Material provided:
-.-.-
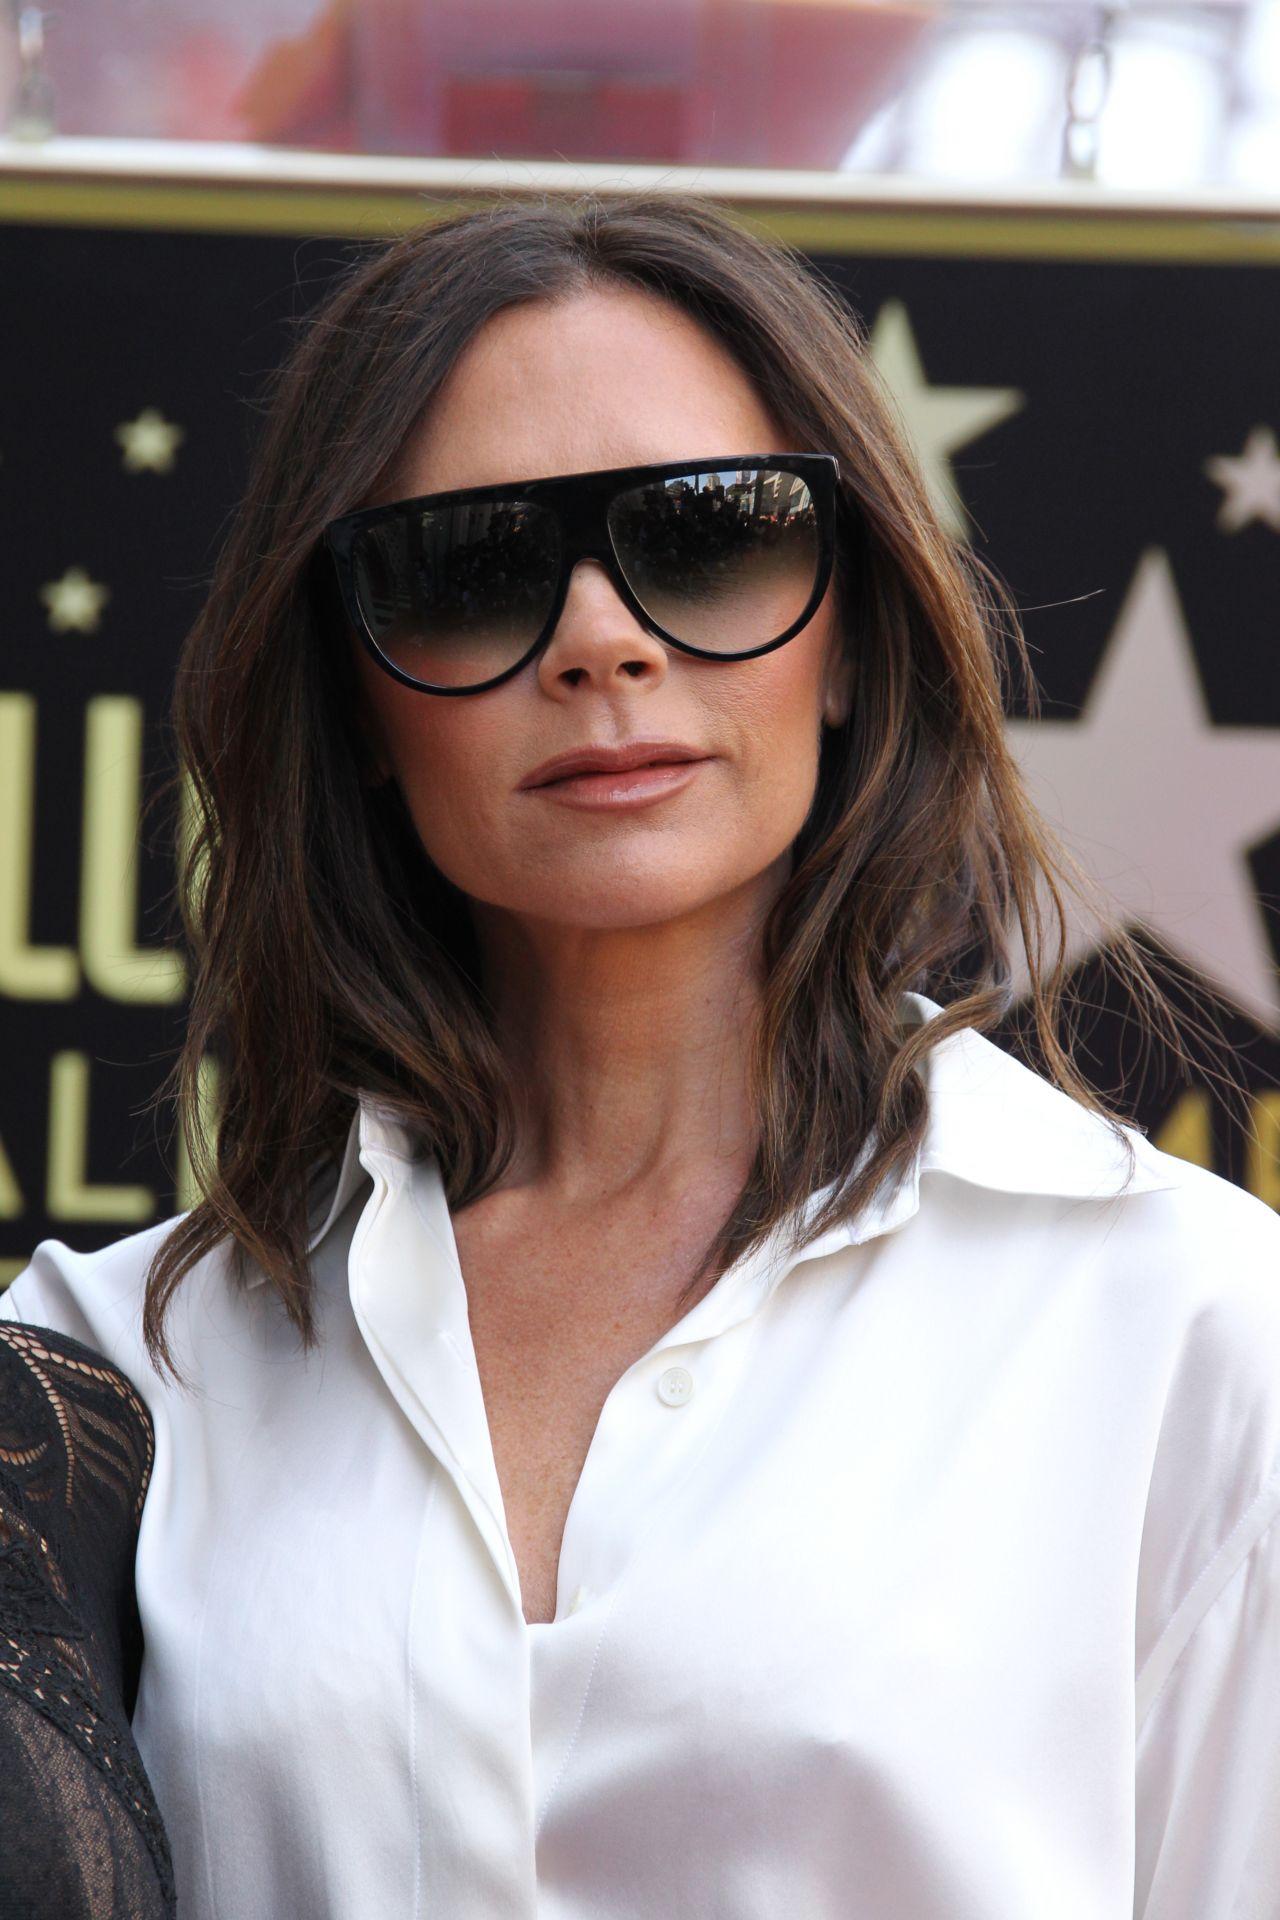 Victoria Beckham – Eva Longoria Hollywood Walk of Fame in LA Victoria Beckham
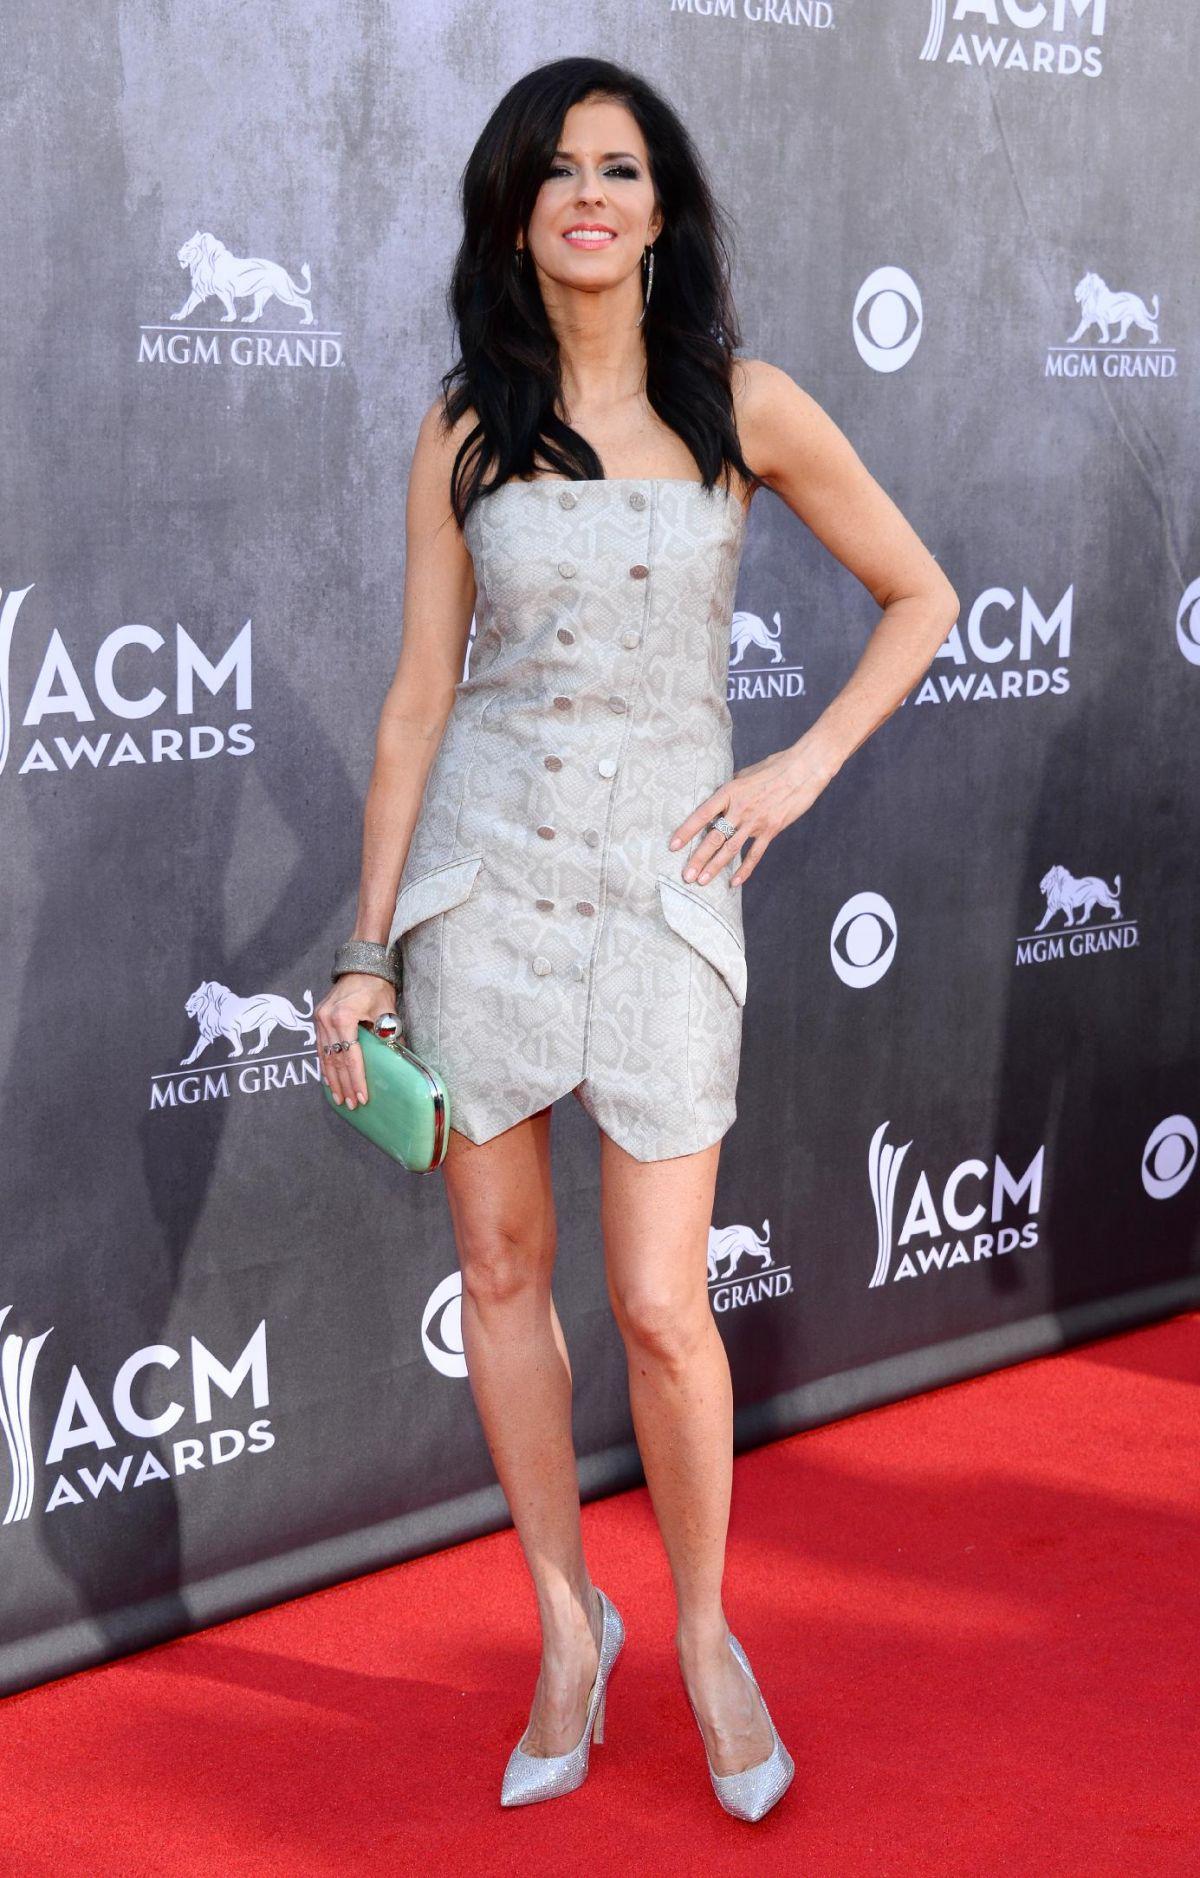 KAREN FAIRCHILD at 2014 Academy of Country Music Awards
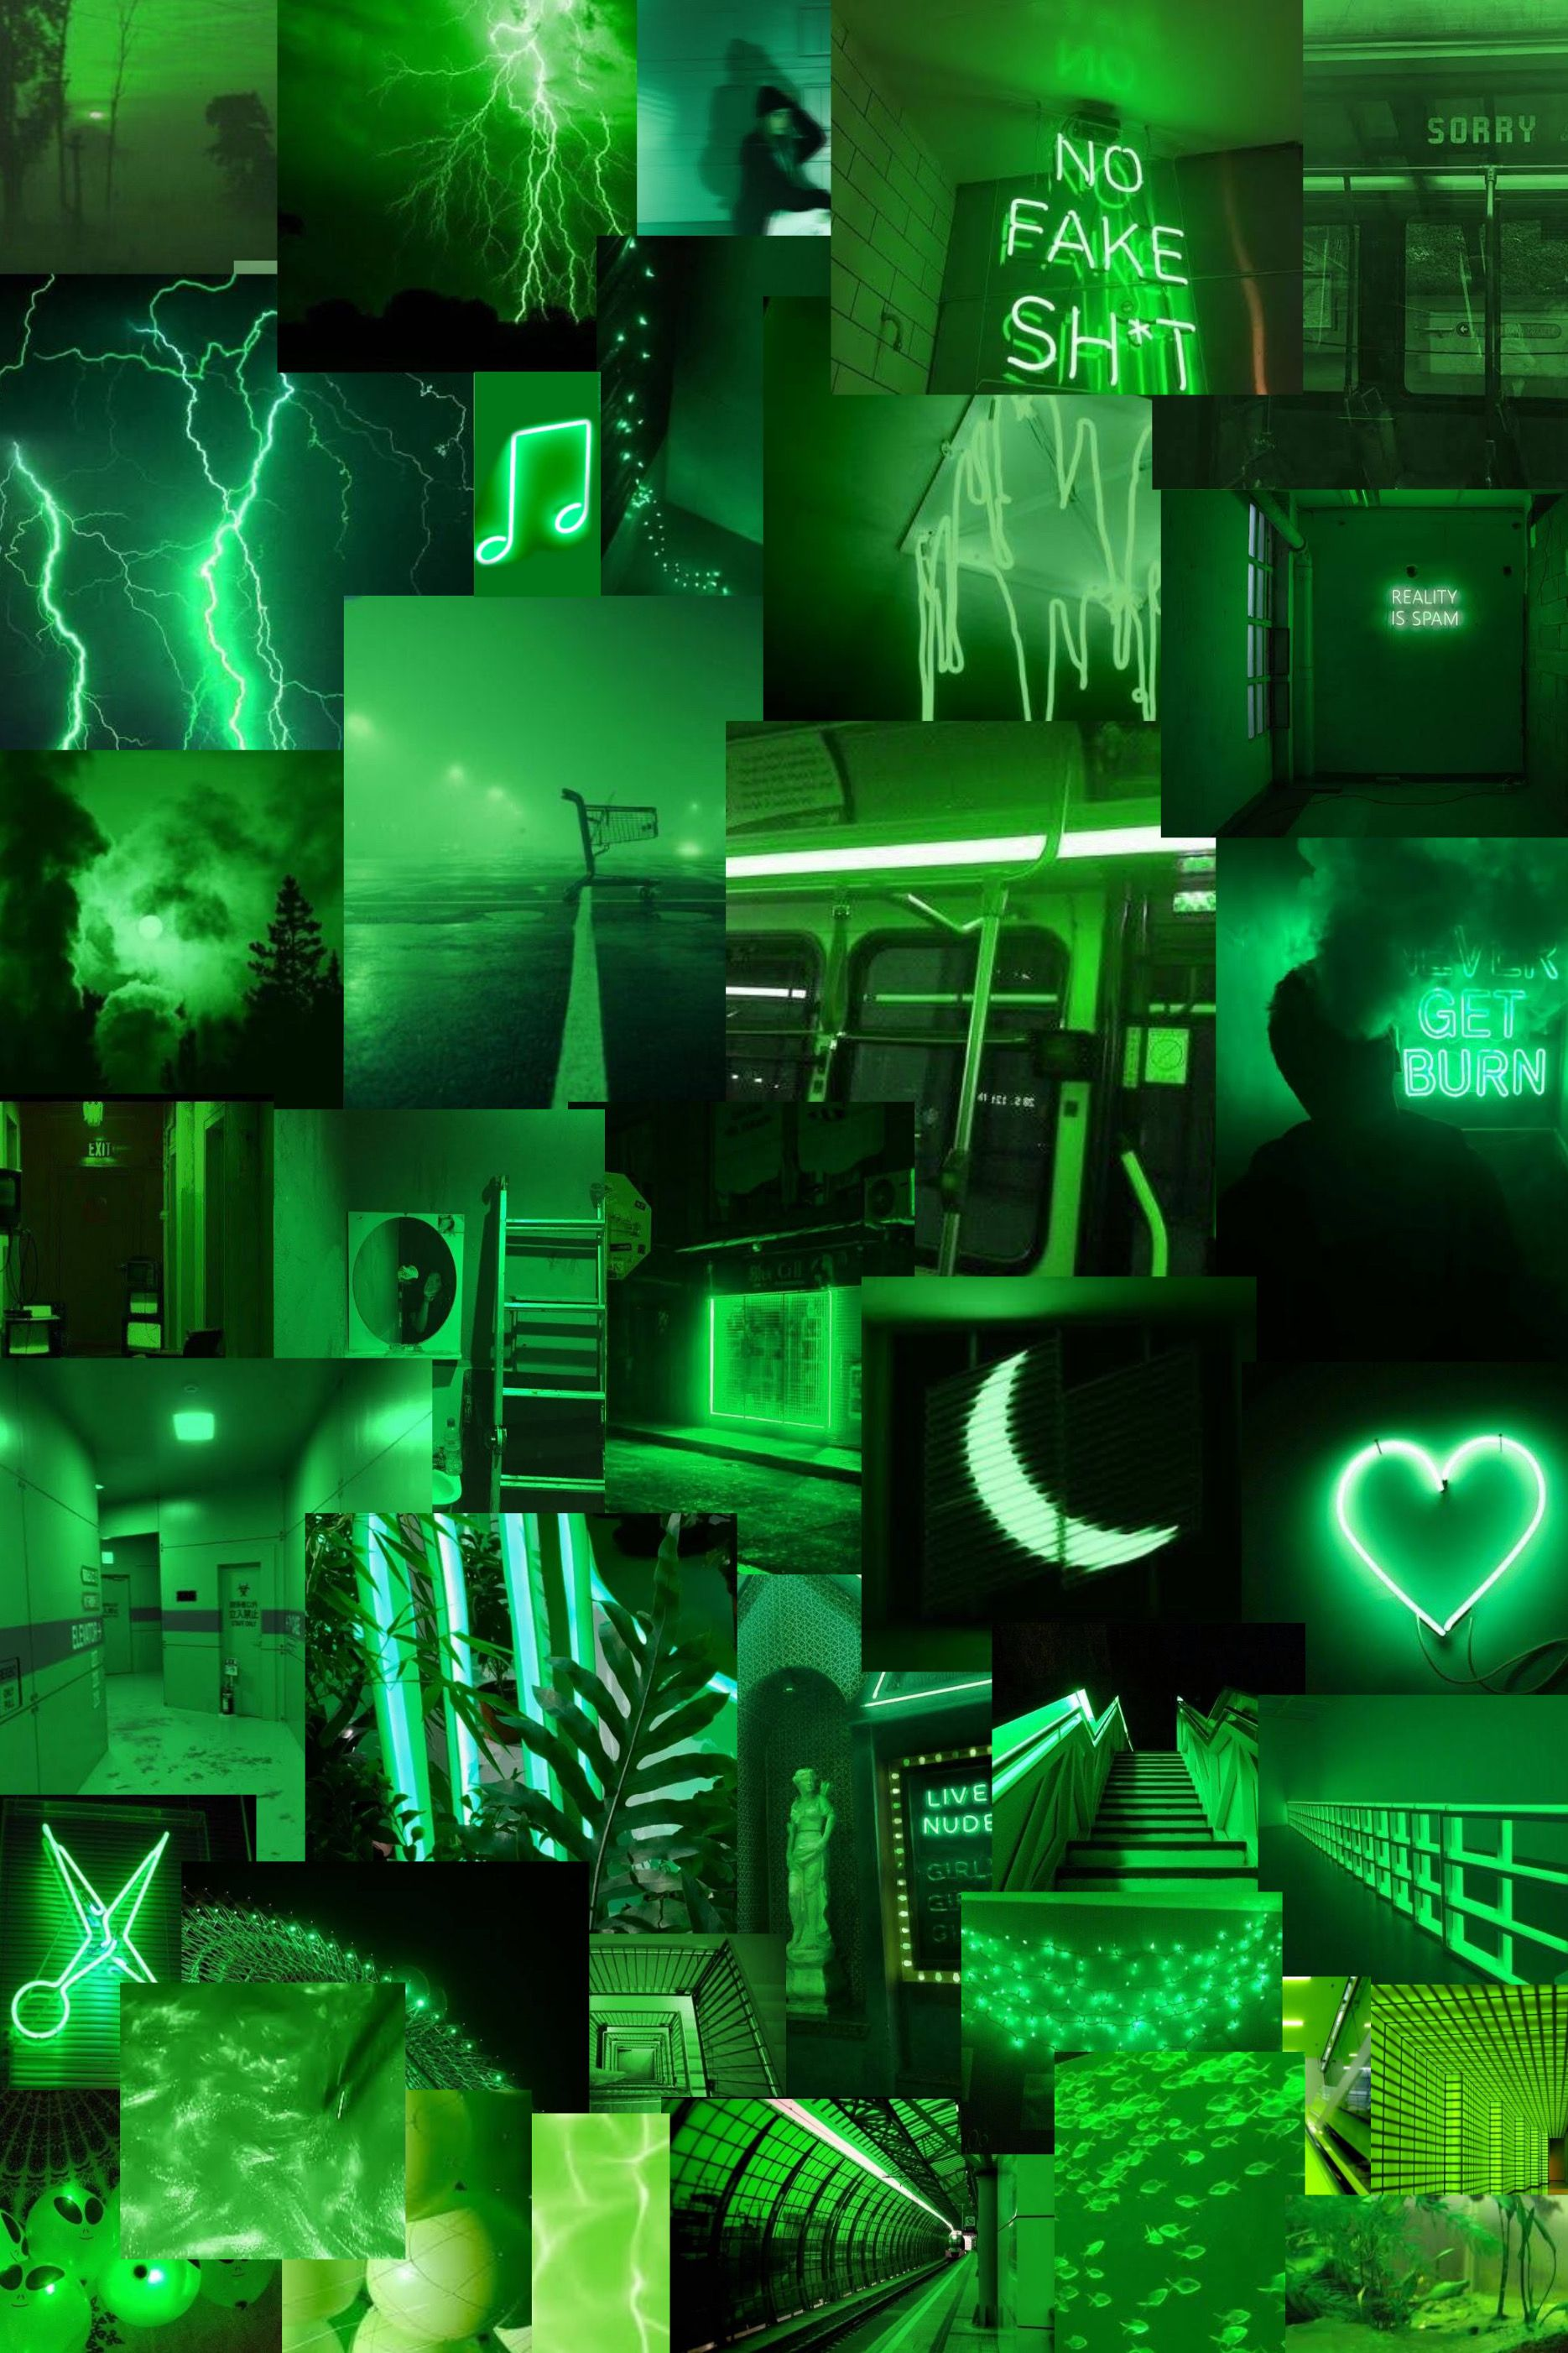 Green Aesthetic Wallpaper Iphone Wallpaper Green Green Aesthetic Dark Green Aesthetic
-.-.-
Action item: Quote verbatim the final run of lines in the material above, from the line that contains "KAREN FAIRCHILD at" through the very last line, excluding any pictures.

Task output:
 KAREN FAIRCHILD at 2014 Academy of Country Music Awards
 Green Aesthetic Wallpaper Iphone Wallpaper Green Green Aesthetic Dark Green Aesthetic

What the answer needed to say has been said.